第五話 「統合宇宙軍 独立組織 インディペンデンス」





 インディペンデンスの活動拠点は、火星の傍にあるコロニーだ。

 ここには、インディペンデンス関係者しか入れない。

 その理由としては、演算ユニットを奪おうとする者達が、コロニー内にジャンプしてこれないようにする為である。 

 そう、このコロニーに演算ユニットが安置されている。

 秘密厳守。 

 徹底した監視体制。

 それが、演算ユニットの守護者たちが行っている鉄則であった。











 インディペンデンス総司令室。

 「この度、インディペンデンスに配属された神代・師走です」

 「統合宇宙軍准将、テン・・・・じゃなかった、ミスマル・ユリカです。ブイ!」

 (ブイ!?)

 一瞬、顔を歪めるが、すぐに元の無表情に変わる神代。

 「神代君の階級は中佐だ。これから、ユリカへの配属となる、仲良くやってくれ・・・」

 すかさず、説明へと移行するコウイチロウ。

 「宜しく〜」

 「はぁ・・・・宜しくお願いします」










 

 神代とユリカが案内の為、部屋を出て行った直後。

 コウイチロウはコミュニケを操作し始めた

 「・・・・・・・ハーリー君」

 『あっ、はいなんでしょう。総司令』

 「神代・師走に関する情報、調べ尽くしてくれ」











 「神代さんが乗るナデシコCは今、地球で整備中だから此処にはないんだけどね」

 「はぁ・・・・・」

 生返事で返す神代。

 何故か嬉々として、説明を始めるユリカ。

 丁度、その時、三郎太が二人の近くを横切った。

 「・・・・・あっ、三郎太さ〜〜ん!!」

 「えっ、ああ。提督に・・・・・・・・・・・・・・神代?」

 驚愕と、一瞬、垣間見えた怒りの表情。

 無論、ユリカが気づくはずも無い。

 「久々だな。高杉・三郎太」

 「・・・・・・生きていたのか」

 「えっ、お二人は知り合いなんですか?」

 「ええ、私は木連出身なんです」

 嬉しそうに問うユリカに、無表情な顔で答える神代。

 「そうですか〜!じゃあ、お邪魔しちゃ悪いので、

 高杉さん。

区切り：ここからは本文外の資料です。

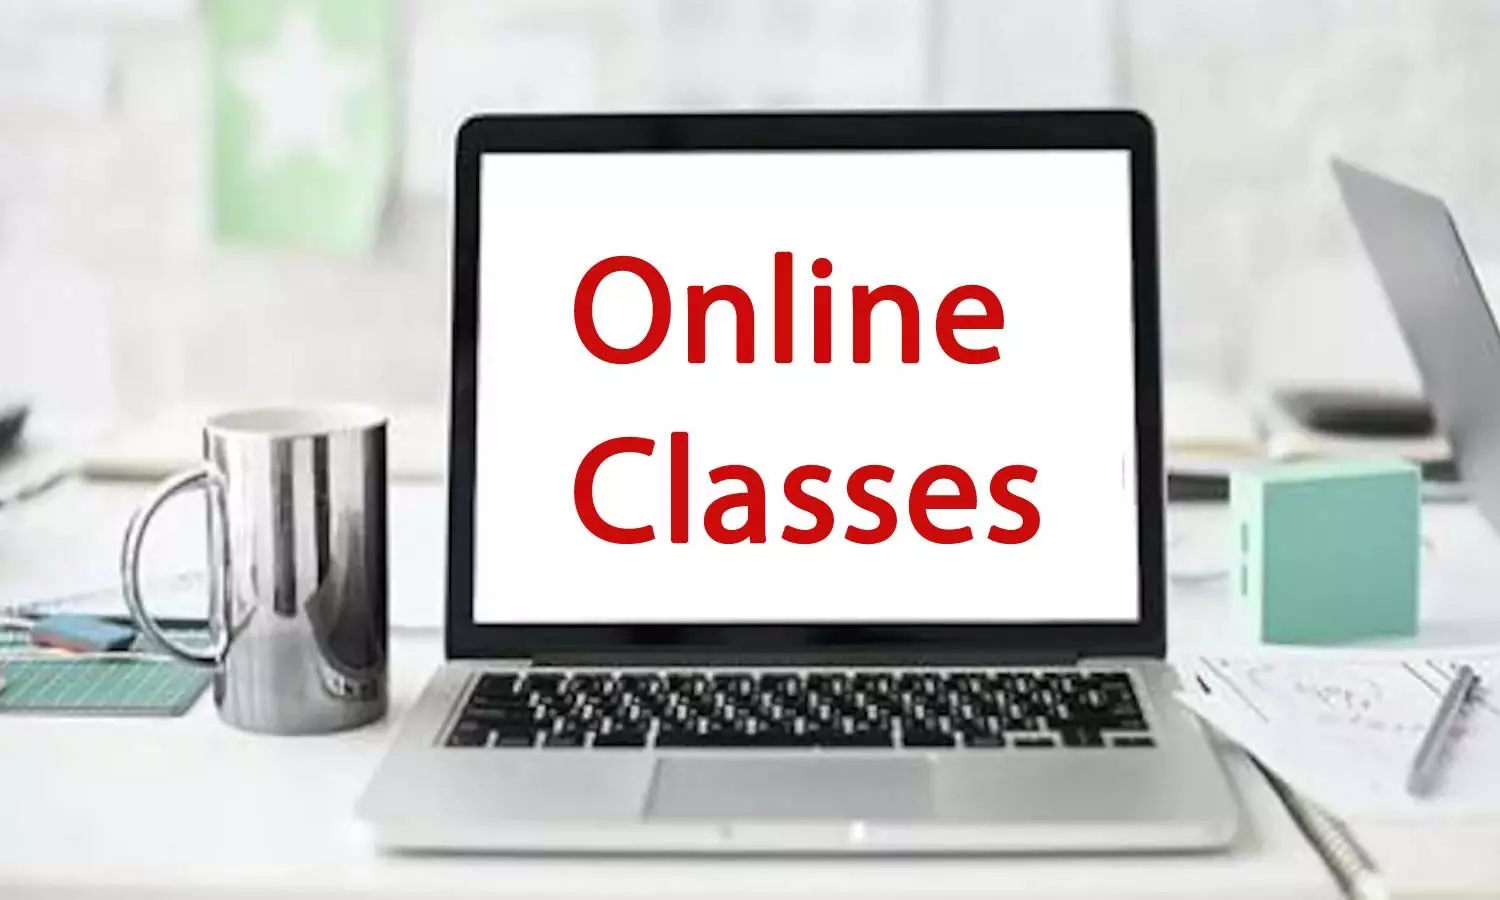 Online Classes: నేటి నుండి విధ్యార్థులకు ఆన్లైన్ క్లాసులు నిర్వహించాలని విద్యా శాఖ ఆదేశాలు

神代さんを案内してあげてね!!」

 有無を言わさずに立ち去るユリカ。

 その後姿は、どこか儚げにも見えた。



 「・・・・・・・神代、何しにきた?」

 「就職したのさ」

 「・・・北辰の愛弟子」

 「昔の話だ」

 三郎太の言葉の中からこみ上げてくる、怒り。

 三郎太の怒りは、最高潮に達した。

 「あの子を、名花を殺した男が!!」

 三郎太の叫びが、廊下にこだました。

 「君の、最愛の妹か?」

 「そうだ!貴様が殺したんだ!!」

 三郎太は今にも殴ってきそうな勢いだ。

 それに対する神代は、無表情である。

 「神代、貴様いつか殺してやる!!」

 三郎太は、怒鳴ったあと、静かにその場を立ち去った。





















 高杉・名花。

 享年、十八歳。

 死因は、首を鋭利な刃物で斬られたことによる、出血死。

 犯人は不明。






 

 高杉・三郎太がホシノ・ルリに付き従い、

 またルリを大切にしているのは、どことなく妹に似ていたためであった為かもしれない

 外見でなく、その寂しそうな雰囲気に、

 三郎太は、妹の影を見たのかもしれない。





















 あとがき

 どうも、ペースを元に戻すとか言っておきながら、更新が遅れに遅れたT氏です。

 表現力や構成が出来ていない・・・・・・未熟者ですね、私は。

 しかも、短いし・・・・・・。

 未熟の象徴とも言えるオリキャラ、高杉・名花。

 高杉・三郎太の妹です。

 三郎太に妹がいた、というのは私が勝手に考えた設定です。

 実際、三郎太の家族構成がどうなっているのか、私は知りません(爆)。

 ところで私は最近、一人称の研究の為、“Kanon”というゲームのSSを書いています。

 一話しか、まだ書けていませんが・・・・・(苦笑)。

 連載物なのですが、どこにも公開されていない代物です。

 ・・・・というか、私はActionにしか出没しませんし。

 誰か「欲しい」と言う方は、T氏宛にメールを下さい。

 ついでに感想も頂けると、嬉しいな〜〜(笑)。 

 それでは、皆さん。未熟者の話を最後まで読んでいただき有難うございました。

 また、お会いいたしましょう。

 某友人 「欲しいと言って下さる方がいるのか?」

 T氏 「うっ、それは・・・・・・」

 

 

 

代理人の感想

いやまぁこの長さだと構成も何もないんですけど(爆)。

とはいえTさんの作品は一話ごとに一応の起承転結を付けているので短いながらも読みやすくあります。

(例えば今回はサブロウタの妹の話によって一応の「結」がついていますよね)

「一応」と言うのは短すぎて明確に話の形を為していないからです。

一話をもう少し長くしてこの線を進めてみてはいかがでしょう。

 

あと、冒頭のインディペンデンスに関する説明の部分ですが

「ある」「ある」「いる」「いる」と、同じ語尾を続けるのは

文章がクドくなりますので意図した強調でない限りやめておいたほうが無難かと。